Рыцарь темного солнца - Вербинина Валерия. Страница 23

Кто-то из слуг закричал, какая-то лошадь взвилась на дыбы. Август схватил самострел, но рысь ощерилась, бросила свою добычу и одним прыжком скрылась среди деревьев.

– Езус-Мария, – вымолвила Мадленка побелевшими губами.

Вот и рябиновые кусты. Она раздвинула ветви и поспешила на поляну, на которой уже столпились люди. Мадленка не понимала, отчего у шляхтичей такие скорбные, торжественные лица. Многие сняли шапки. Князь Доминик спешился и, сложив руки, шептал молитву. Потом Мадленка увидела куски человеческих тел, валяющиеся на земле, и ей стало так плохо, так горько, что она зашаталась. Все трупы были изгрызены зверями и изуродованы почти до неузнаваемости, но Мадленка знала, что даже если бы зверям и было под силу раскопать сделанный ею курган, ни один из них не стал бы волочить тела обратно на поляну, где они находились до того. Нет, это сделали люди! Те же самые, что убили мать Евлалию и ее спутников, те же, что хотели свалить вину на крестоносцев, те же, что подослали лже-Мадленку князю Диковскому…

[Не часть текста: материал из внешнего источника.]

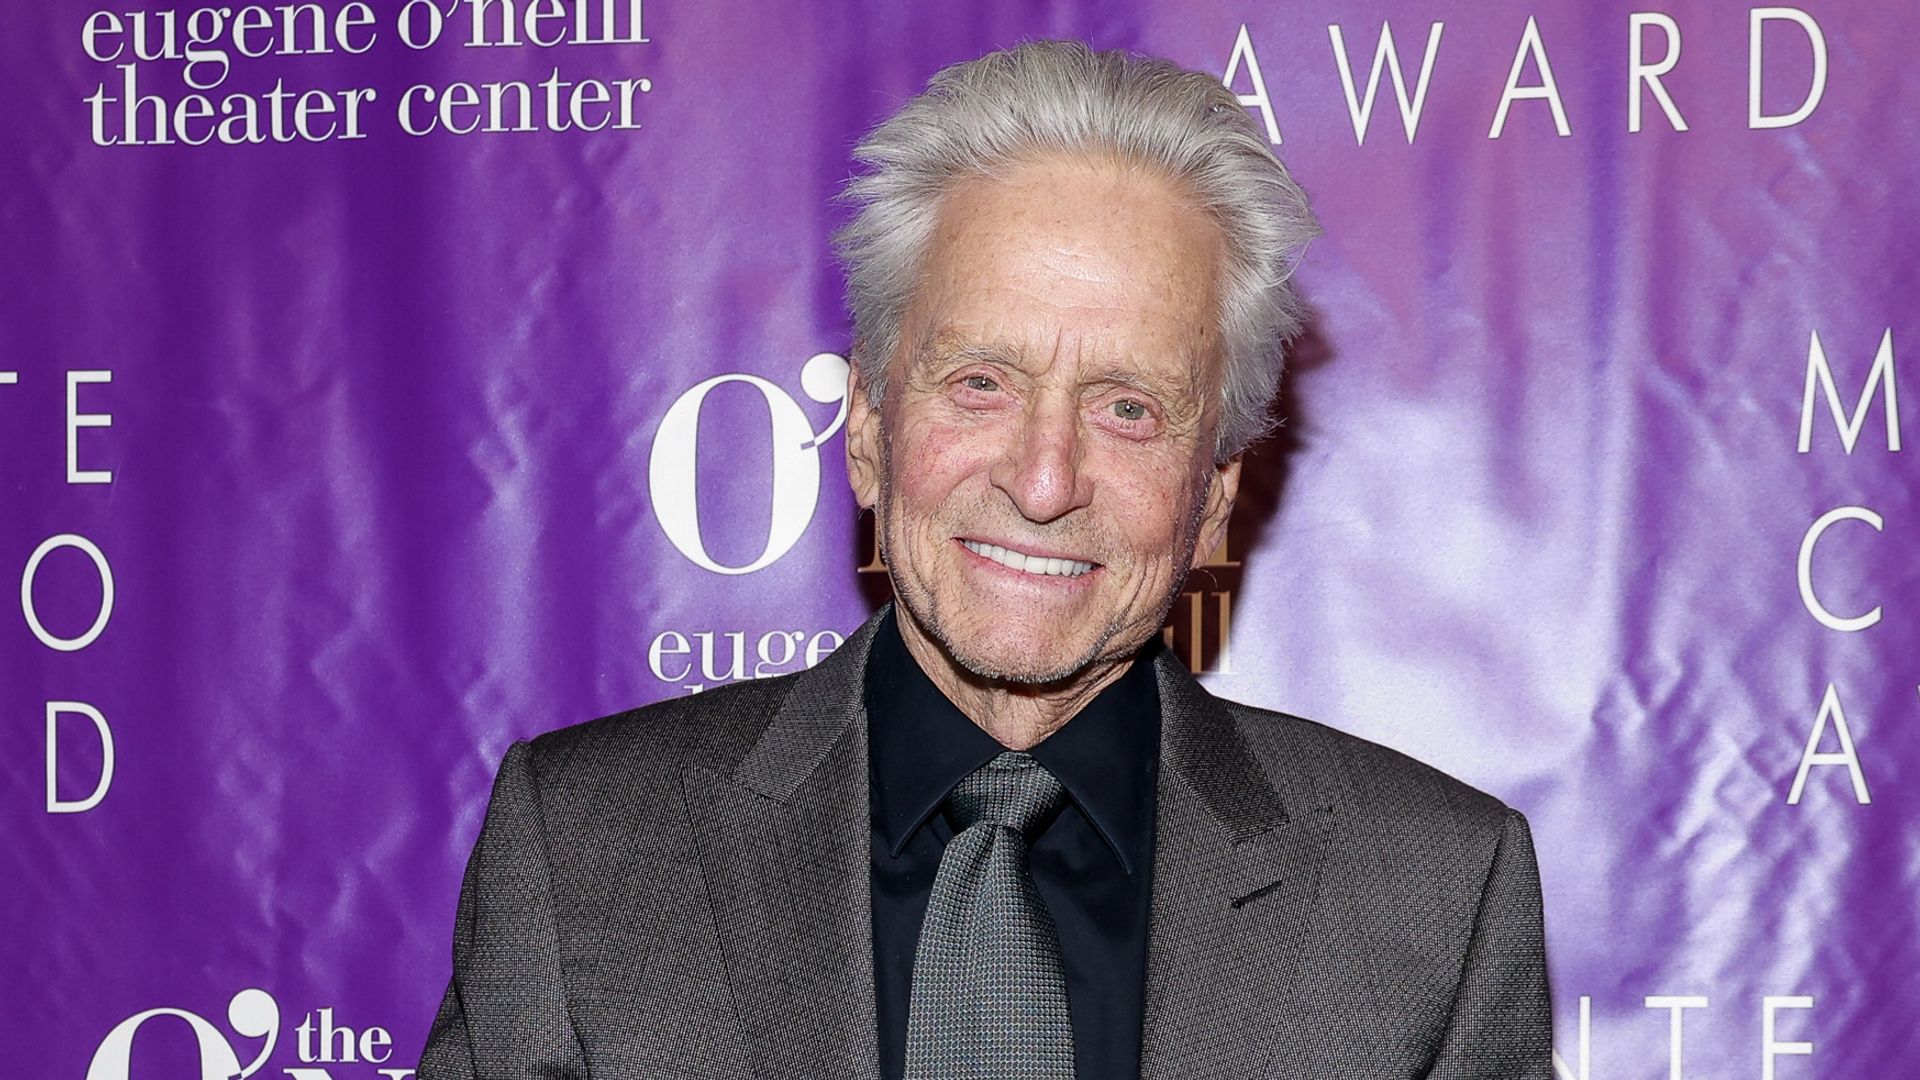 Michael Douglas attends the 22nd Monte Cristo award gala at Capitale on November 06, 2023 in New York City.

Мадленка отвернулась и увидела лицо князя Августа Яворского. Оно было бледно мертвенной бледностью. Князь не сводил взгляда с женской головы в седых космах – единственного, что осталось от матери Евлалии. Потом он всхлипнул, опустился одним коленом на землю и заплакал.

«Нет, – решила Мадленка, – это не он».

– Я узнаю мать-настоятельницу Евлалию, – молвил князь Доминик и перекрестился. – Упокой, господи, ее душу. Она приняла мученическую смерть… Я должен немедленно отписать королю о свершившимся злодеянии. Неслыханном, совершенно чудовищном. Но король должен узнать правду.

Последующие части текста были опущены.